The majority of children with asthma have allergies. Even exposure to low-grade allergens (those that do not cause significant allergic reactions) may increase the severity of the asthma. In addition, allergies may play a role in undiagnosed asthma cases. Other triggers of childhood asthma may include the following:
* upper respiratory infections (i.e., colds)
* inhaled irritants, such as secondhand smoke
* certain weather conditions, such as cold air
* physical expressions of emotion, such as crying, laughing, or yelling
However, with proper management of the asthma, such as avoiding triggers, taking prescribed medications, monitoring for warning signs, and knowing what to do during an asthma attack, an individual with asthma can conduct a healthy and active lifestyle.
That hospital also has a page on asthma triggers, and I guess you could say that going there and looking at it would give you a "checklist". The trigger page is:
http://www.childrenshospital.org/az/Site617/mainpageS617P0.html
I got as far as finding the original interview/monologue at the web site that interviewed the physician, but I have not found anything to confirm that the program was actually closed down. As you noted, all he actually said in the monologue was that the hospital had an economic challenge as a result of the program.

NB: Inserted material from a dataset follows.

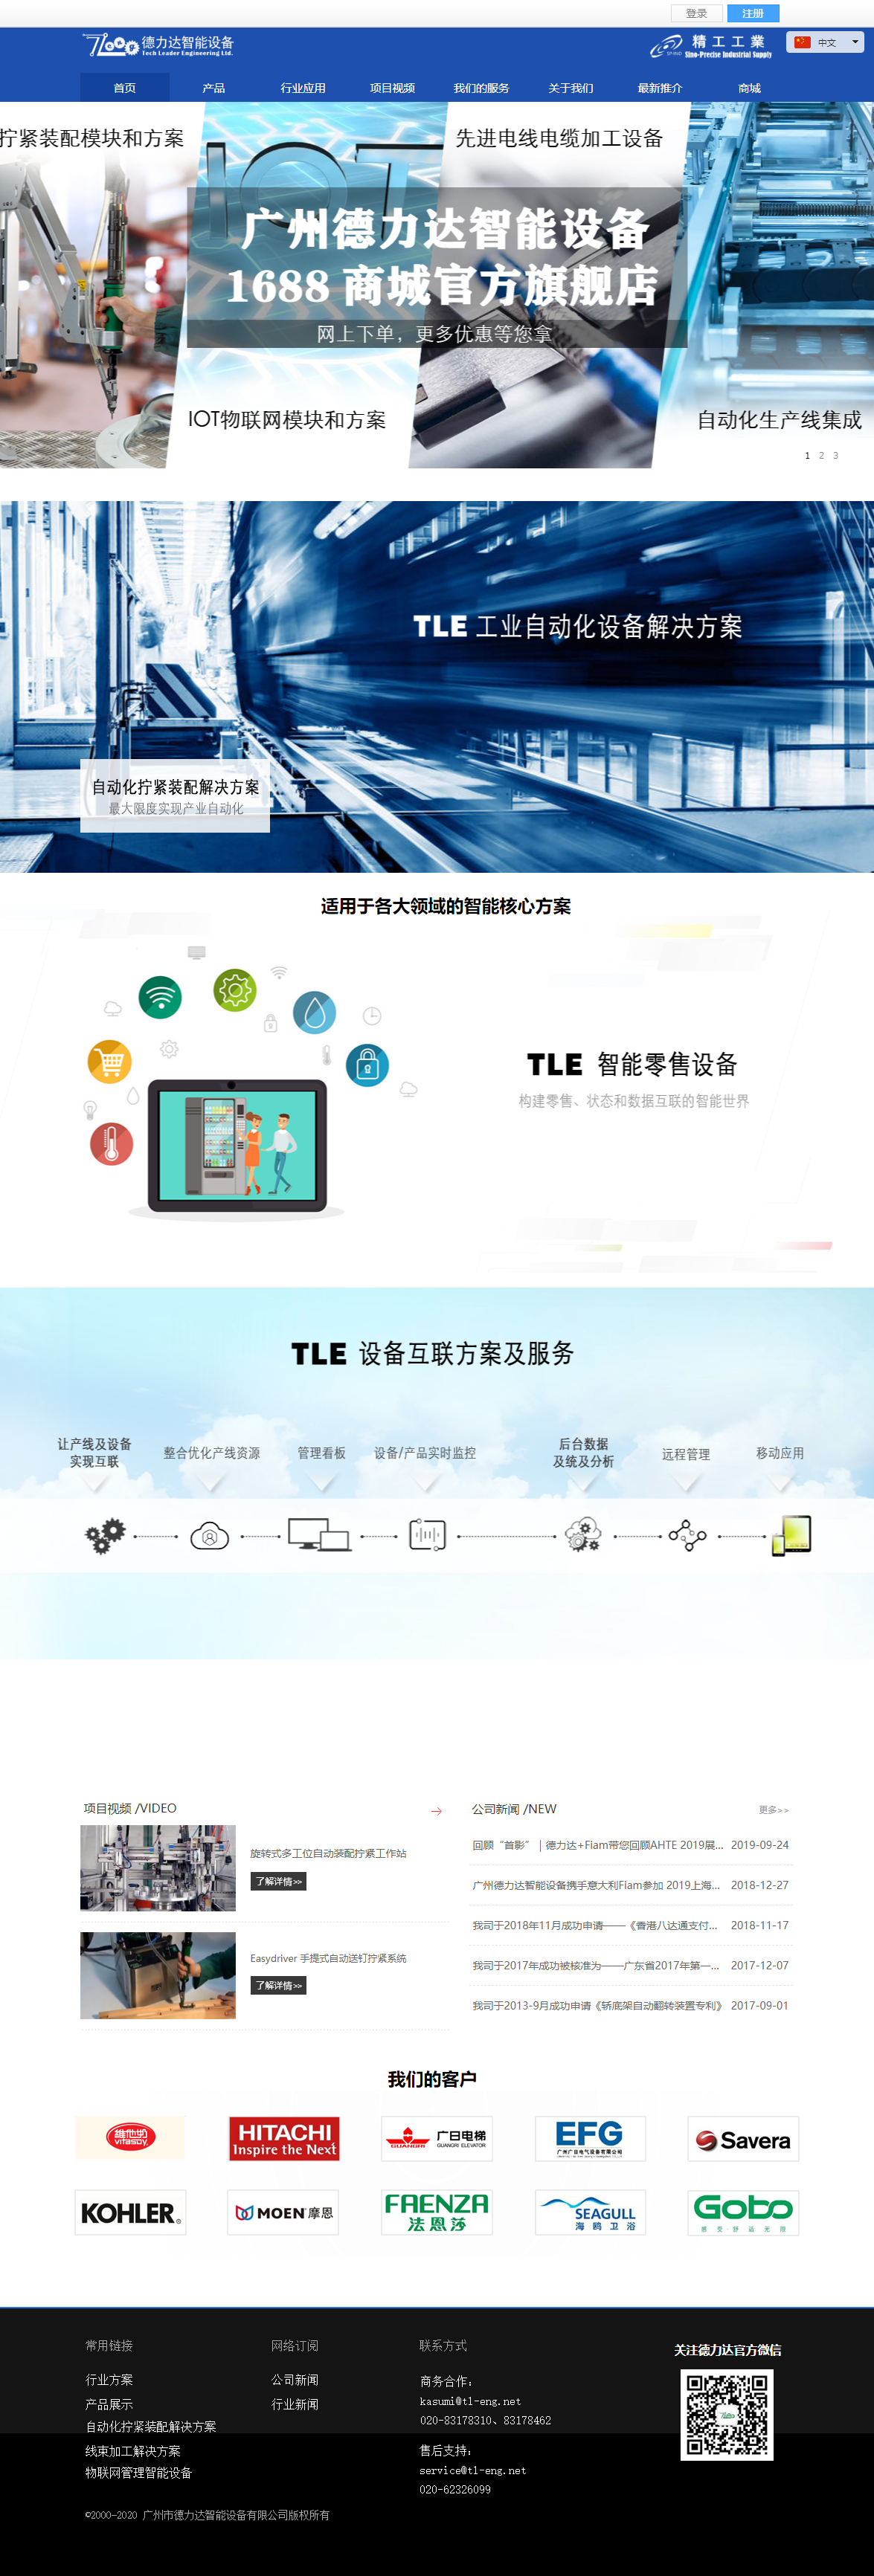 广州市德力达智能设备有限公司网站案例

I would like to see more information on this but I think the conclusion in the article quoted by the OP was misleading.
I could hardly have come from a cleaner home, but I had asthma nevertheless. So did my father. Medication, and its regularity and proper administration is crucial. I suppose, having heard angel's wings fluttering a couple of times due to asthma, that people before my father's generation, just died of "weak chests", pneumonia and heart strain. Just read the life of Theodore Roosevelt, as I was encouraged to read in my youth. Indomitable will can carry you a long way, but they can't reverse the damage done.
If I had a wish, I'd rather have been born 25 years later, into a time when treatment had become so much better that one could almost pretend one doesn't have the condition. I'm certainly glad that my symptoms are so well controlled now. In the early 1980's here, I had to be very careful going out of doors in the winter, because my bronchi reacted so violently to cold weather. Eventuallly it resulted in a week long hospitalization with really bad blood gases and either Grade 3 or Grade 4 pulsus paradoxus caused by high intra-thoracic pressures. I was on Steroids Intravenously for much of that time, and Inhalation Treatments every 3 hours at first. I worship at the feet of my Respirologist, a gifted and patient man.